Survey: Young people face ‘aloneness,’ lack of cultural opportunities in N.H.

  • Survey results from Stay, Work, Play about young people in New Hampshire. Jonathan Van Fleet—

  • Survey results from Stay, Work, Play about young people in New Hampshire. Jonathan Van Fleet—

Monitor staff
Published: 5/21/2018 3:37:21 PM

One-fifth of young people in New Hampshire say they don’t have a friend who lives close by and 1 in 4 have no family members that are easily accessible, according to the results of a survey conducted by the nonprofit organization Stay Work Play and electric utility Eversource.

Some of the top challenges for attracting young people to live in the Granite State is a sense of aloneness, unfriendly public policy on issues important to young professionals and a perceived lack of opportunity – both professional and cultural – said Stay Work Play Executive Director Will Stewart.

“The biggest thing that surprised me was the fact that 1 in 5 – 21 percent of survey respondents – said they didn’t have a single friend nearby,” Stewart said, as he discussed some of the survey’s findings at the Red River Theatres on Monday in Concord. “That’s sad on a personal level. But on a workforce development level, it’s also disturbing because if somebody doesn’t have a friend here, they have no real connections to the state.”

The main goal of Stay Work Play is to attract and retain young people to the Granite State – “young people” defined as anyone in the 20-40 years old.

Stewart explained the idea for the survey came about when Stay Work Play was looking for “data-driven” solutions to the state’s dearth of young people.

“We needed to have some hard numbers on what young people are thinking, what their concerns are, and be able to identify those and ultimately address them,” Stewart said.

The survey asked participants to share their thoughts on why people would want to live in or leave New Hampshire.

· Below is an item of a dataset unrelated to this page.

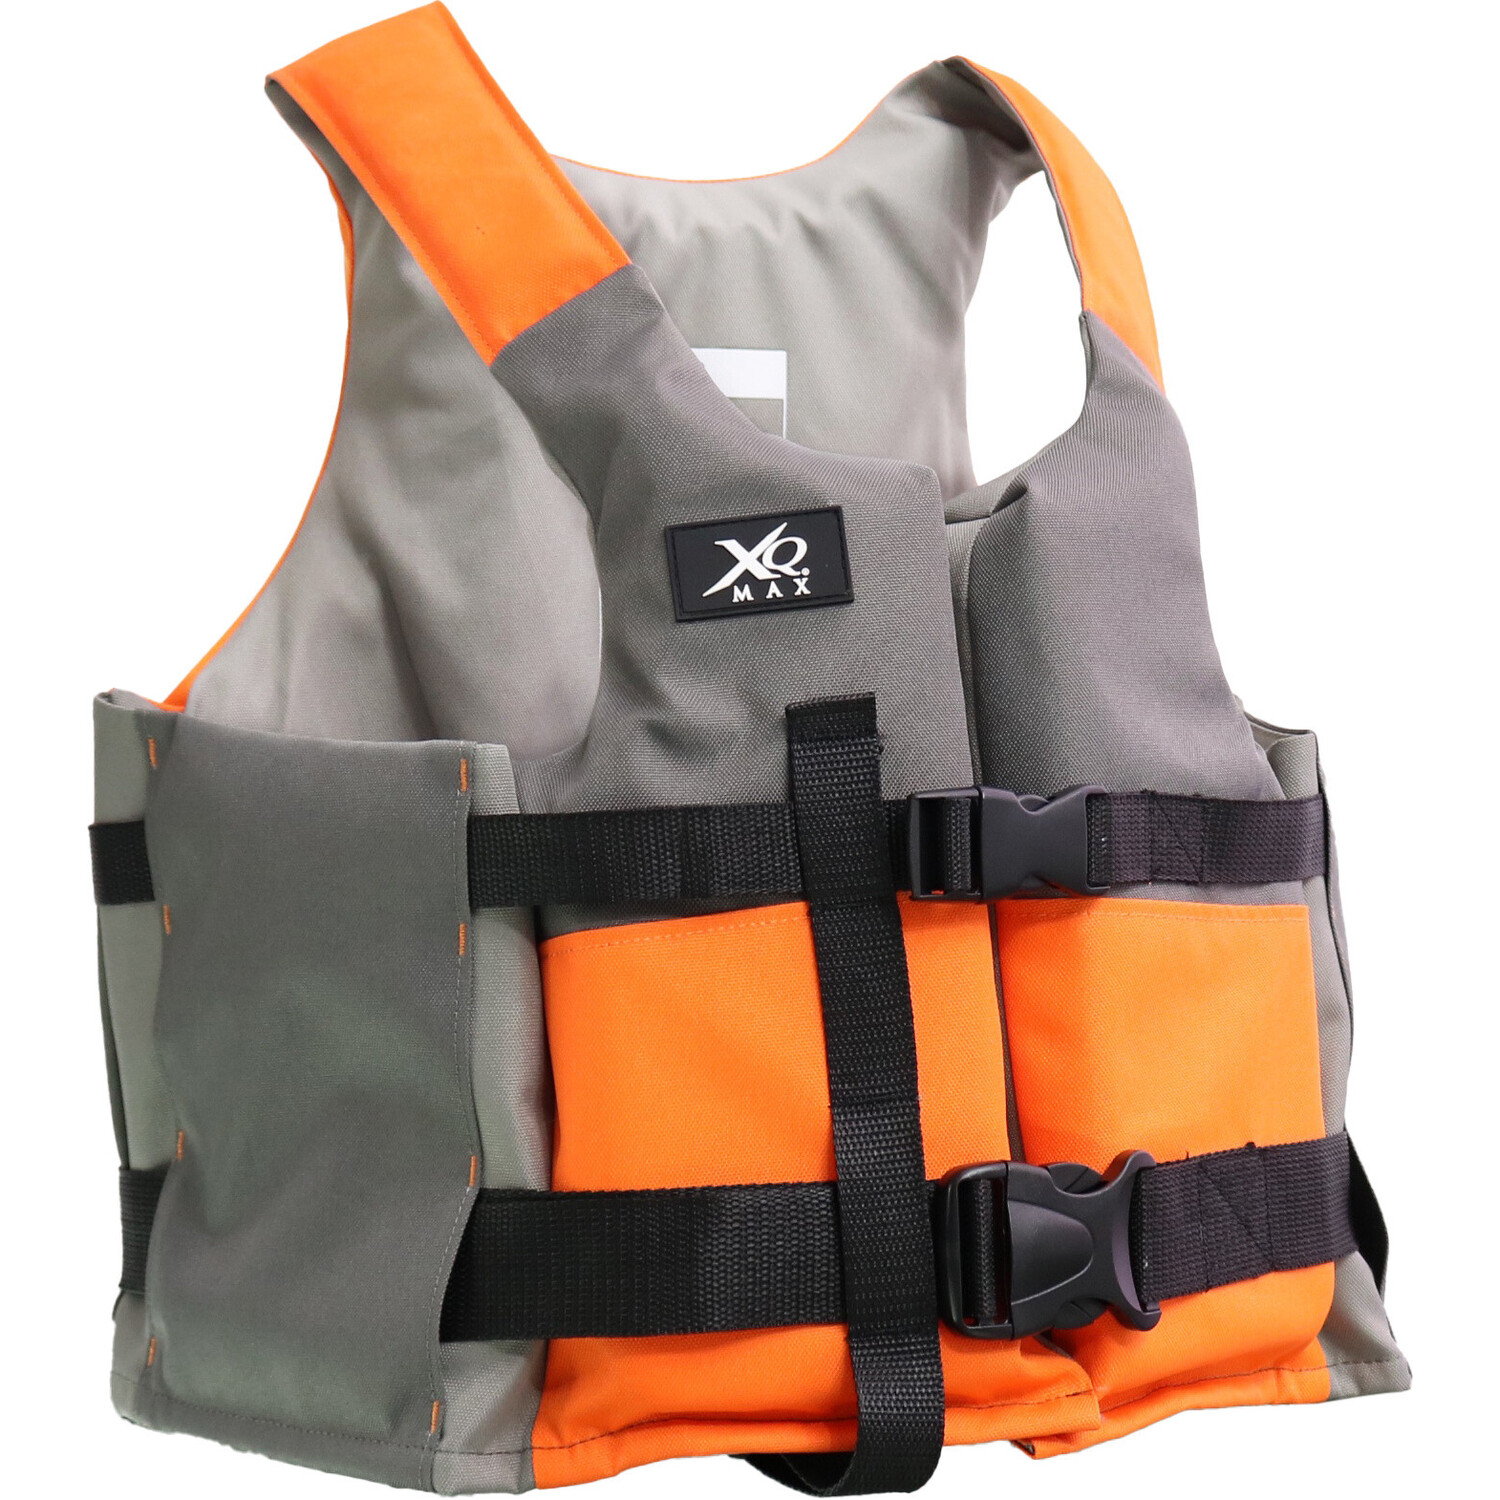 XQMAX Buoyancy Aid - Grey / Large Image

Stewart said the survey found the most positive reasons for staying include access to ample outdoor recreation, high-quality public schools, safety, the environment and the abundance of locally owned stores. Some of New Hampshire’s image problems included the lack of affordable housing, the need for better access to child care, and the perceived lack of cultural and entertainment opportunities.

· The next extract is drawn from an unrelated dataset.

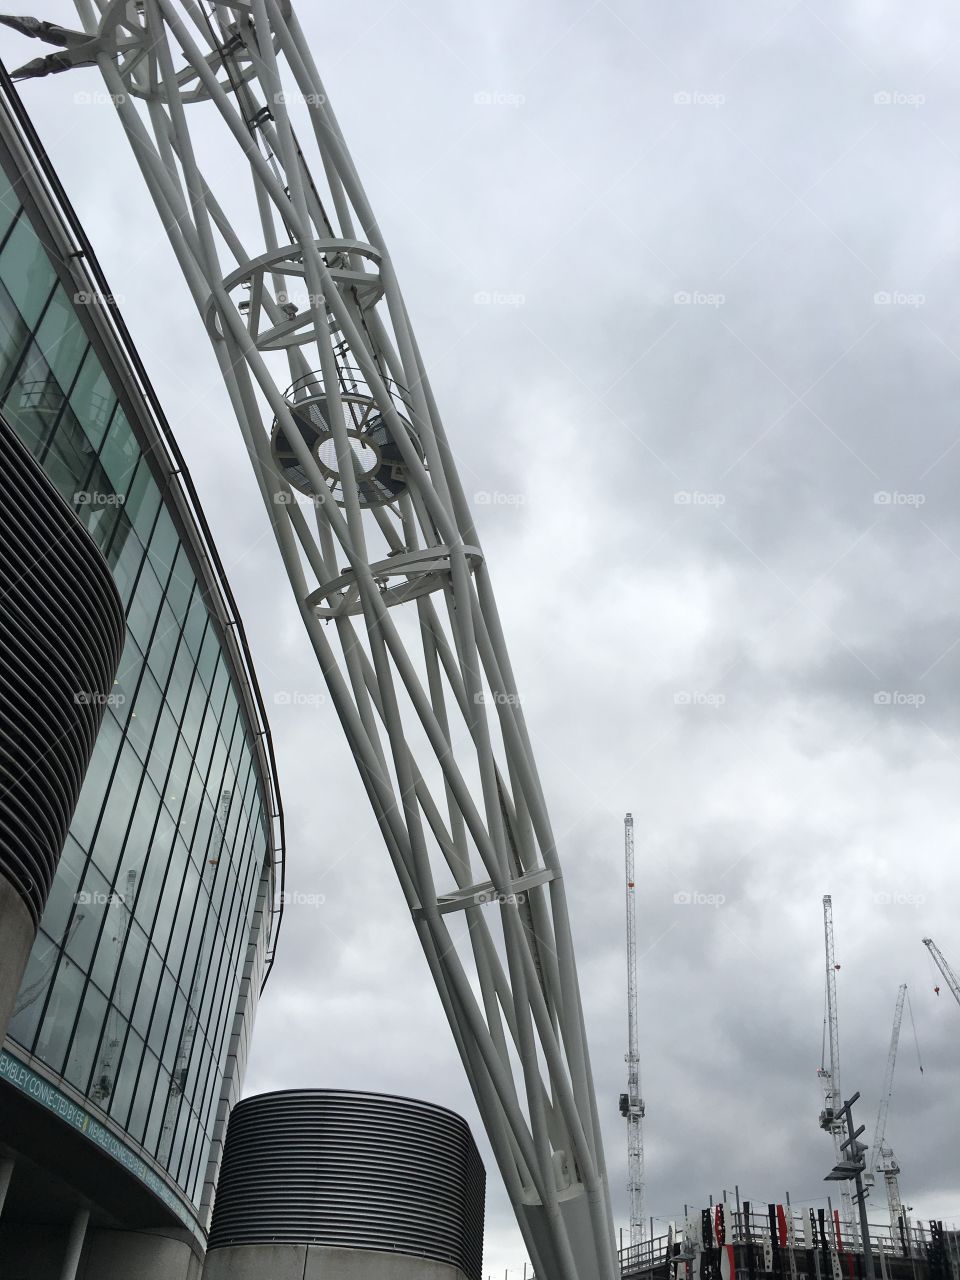 Wembley Stadium

Stewart said the data from the survey will be invaluable to lawmakers and representatives of young professional groups who were in attendance, as they can use the data to look at policy reform and to better educate young people.

A full summary of the all the survey data will be available later in the summer, Stewart said.

The survey’s questions were posed to 420 randomly selected “young” residents of New Hampshire. Questions were asked from Dec. 8 through Dec. 25 by the RKM Research group of Portsmouth.

The survey was conducted in a pertnership between Stay Work Play and Eversource, a utility that struggles to attract and retain workers.

Here are more of the survey’s findings:

– 69 percent of those surveyed have been living in the state for five years or less,

– 45 percent moved to New Hampshire with their family when they were younger, while 20 percent moved to be with someone,

– 28 percent were 25-29 years old while another 28 percent were 35-40 years old,

– 17 percent were currently enrolled in a college, university or post-secondary school in New Hampshire, while 48 percent had been enrolled at one point,

– Eight percent of the respondents are self-employed, while 26 percent are not employed,

– 75 percent of the respondents work full time, while 86 percent of those surveyed work in the state,

– 19 percent were looking for a job in the college degree “skilled labor, entry level” field, while 11 percent didn’t feel as though they need to or want to work,

– 23 percent of people said they were “completely satisfied” with New Hampshire; 4 percent were “not satisfied,”

– 19 percent said they “definitely would not” move out of New Hampshire in the next two years, while 14 percent said they “definitely would” move out of the state; 22 percent were unsure.